- Born: Mahsa Mehran November 11, 1977 Tehran, Iran
- Died: April 2014 (aged 36) Lecanvey, County Mayo, Ireland
- Occupation: Novelist
- Partner: Christopher Collins (divorced in 2013)
- Website: www.marshamehran.com

Signature

= Marsha Mehran =

Iranian novelist (1977–2014)

Marsha Mehran (مارشا مهران; born Mahsa Mehran; 11 November 1977 – April 2014) was an Iranian novelist. Her works include the international bestsellers Pomegranate Soup (2005) and Rosewater and Soda Bread (2008).

==Early life==
Mehran was born in Tehran on 11 November 1977, to an accountant father and her mother Shahin was a teacher. Both practiced Iran’s Baháʼí Faith, which was considered heretical by hardline Islam. When, a year later, the Shah’s regime began to crumble, the couple began to make plans to leave. After the storming of the American embassy in Tehran upended their plan to move to the USA, the family instead migrated to Buenos Aires, Argentina, in 1979, at the time of the Iranian Revolution. Mehran grew up in Argentina and the United States, as well as lived in Australia and Ireland.

In their new home, political upheaval, this time associated with the rule of the Argentine junta, forced the family to once more move continents. This time the family moved to America, where in Miami, Mehran pursued, for a decade, her then dream of becoming a concert pianist.

Mehran's parents divorced, and in the 1990s, Mehran and her mother came to New York. Mehran told an interviewer: “I arrived in New York with only $200 in my pocket. I worked, initially, as a hostess in a restaurant owned by Russian mobsters. There were no customers there, which I thought a bit odd at first, until I realised that the restaurant was just a front for their other dealings.”

At age 17, Mehran's father reports, her permanent visa for the United States was revoked for a "minor infraction". Unhappy about having to leave the United States, Mehran moved to Australia where her parents were now living. She then moved back to the USA on a Holiday Visa when she was 19. At 21 she moved back to Australia with her then partner Christopher before jumping back and forth between Ireland, Australia and New York. She received an Artist visa from the US in 2006 and moved back to New York.

==Publications==
Mehran's debut novel, Pomegranate Soup (2005), is the story of three sisters who escape Iran at the time of the Revolution and eventually settle in a small town in the west of Ireland, where they open the Babylon Cafe. Mehran used her own family's experiences when writing the novel, which includes a number of recipes and combines "Persian cooking with Irish living." Pomegranate Soup has been translated into 15 languages to date, and published in over 20 countries worldwide.

Her second novel, Rosewater and Soda Bread (2008), is a continuation of Pomegranate Soup. It marked the second installment of a series that was cut short by her death in April 2014. The series was to run for seven books; the third, Pistachio Rain, was due for publication in 2014.

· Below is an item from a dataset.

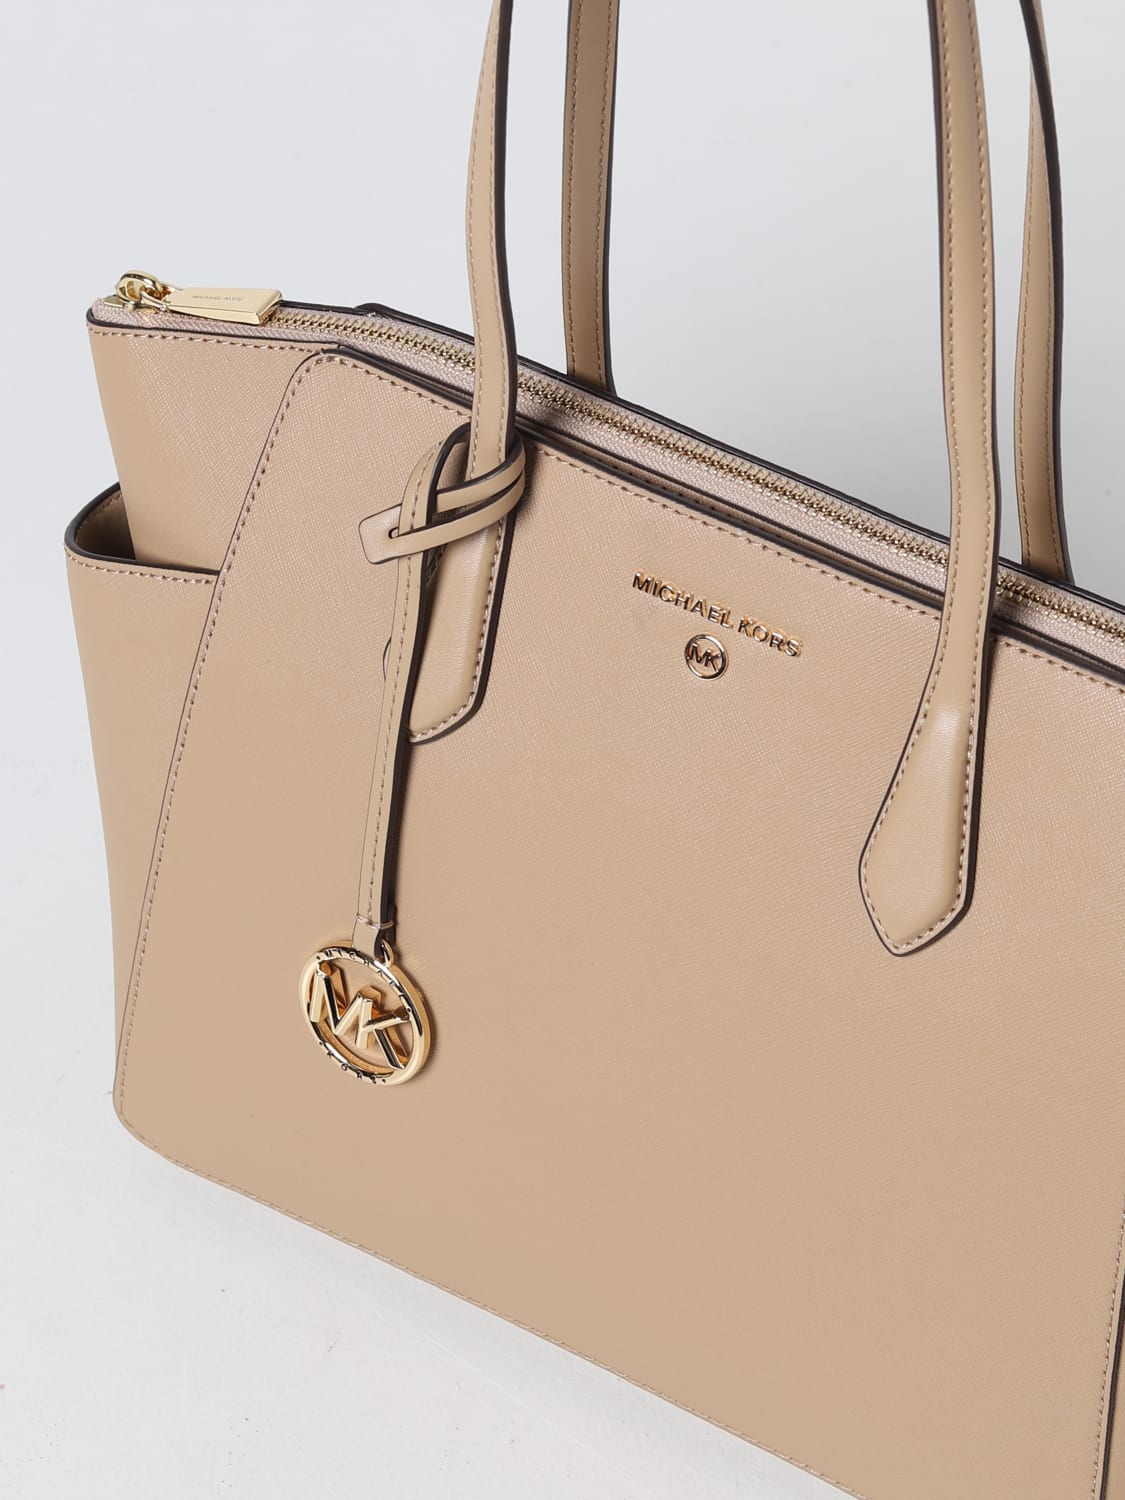 form Sow Mange MICHAEL KORS: Michael bag in saffiano leather - Camel | Michael Kors tote  bags 30S2G6AT2L online on GIGLIO.COM
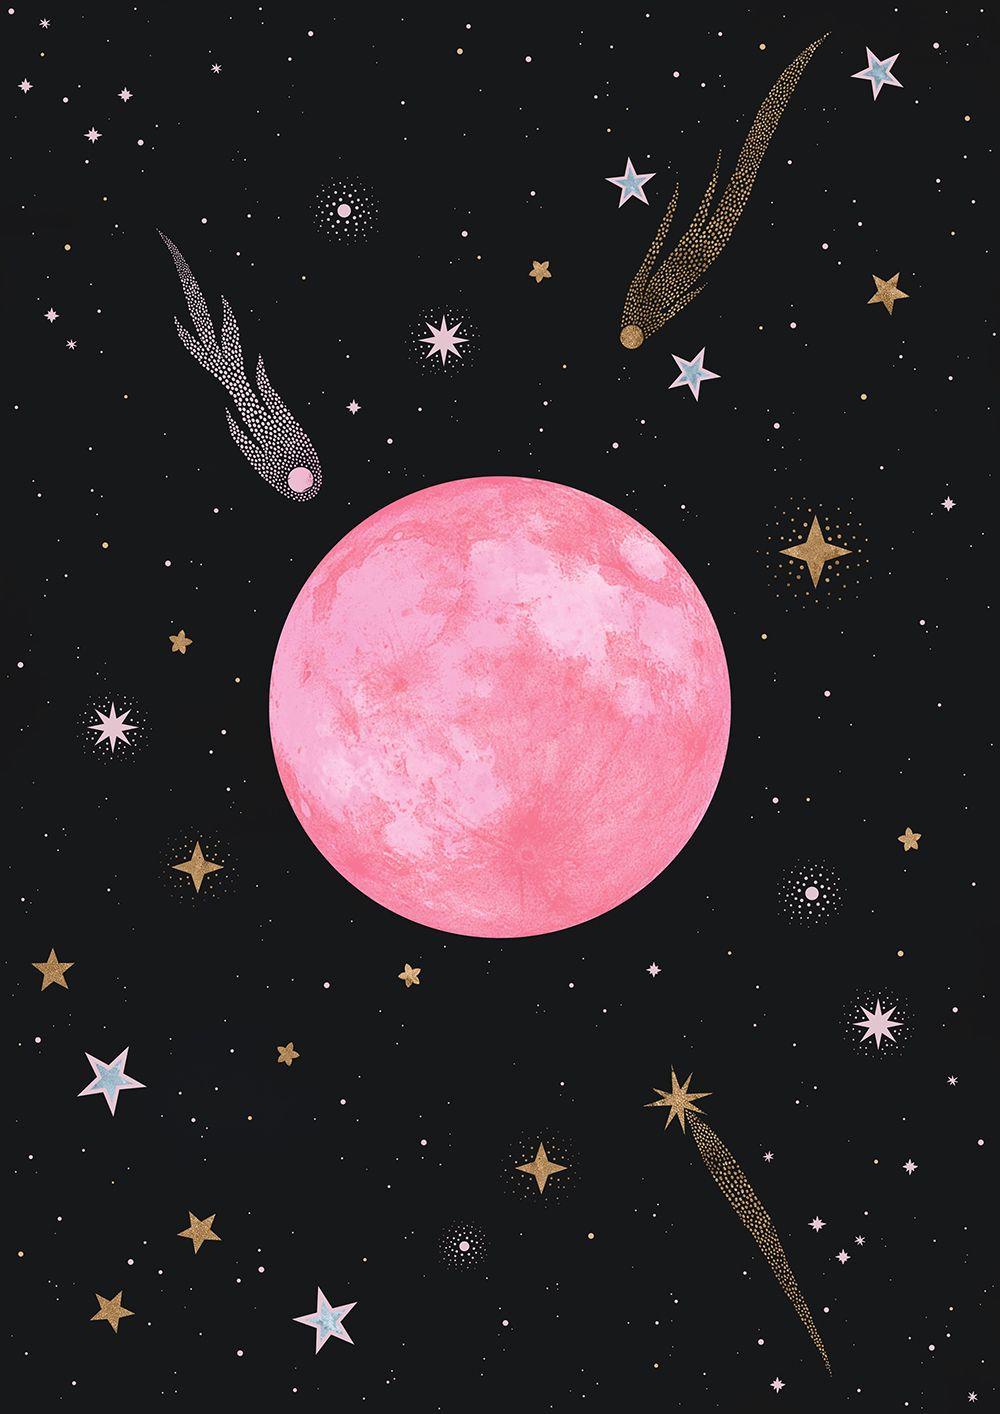 Carly Watts Illustration: Strawberry Moon #space #moon

Her posthumous novel, The Margaret Thatcher School of Beauty (2014), later titled The Saturday Night School of Beauty, is set in Buenos Aires during the Falklands War and tells the story of a group of individuals who gather once a week to recite poetry and tell tales of what has been.

==Adaptations==
Matador Pictures optioned Pomegranate Soup in 2013 with Kirsten Sheridan slated to write and direct the film.

==Personal life==
Mehran was married to Christopher Collins from County Mayo, Ireland. They met when he was a bartender in an Irish pub, in Manhattan, New York. They then lived in Ireland for two years. In 2013, the couple divorced.

==Death==
Mehran was found dead in her rented house in Lecanvey, County Mayo, Ireland, on 30 April 2014, having been dead for about a week. She had lived there as a recluse and had deteriorated mentally, with the house filled with rubbish. She had suffered from long-term inflammatory bowel disease; the autopsy indicated this may have been a factor in her death, though it was not possible to identify the exact cause. Her ashes were sent for resting in Melbourne.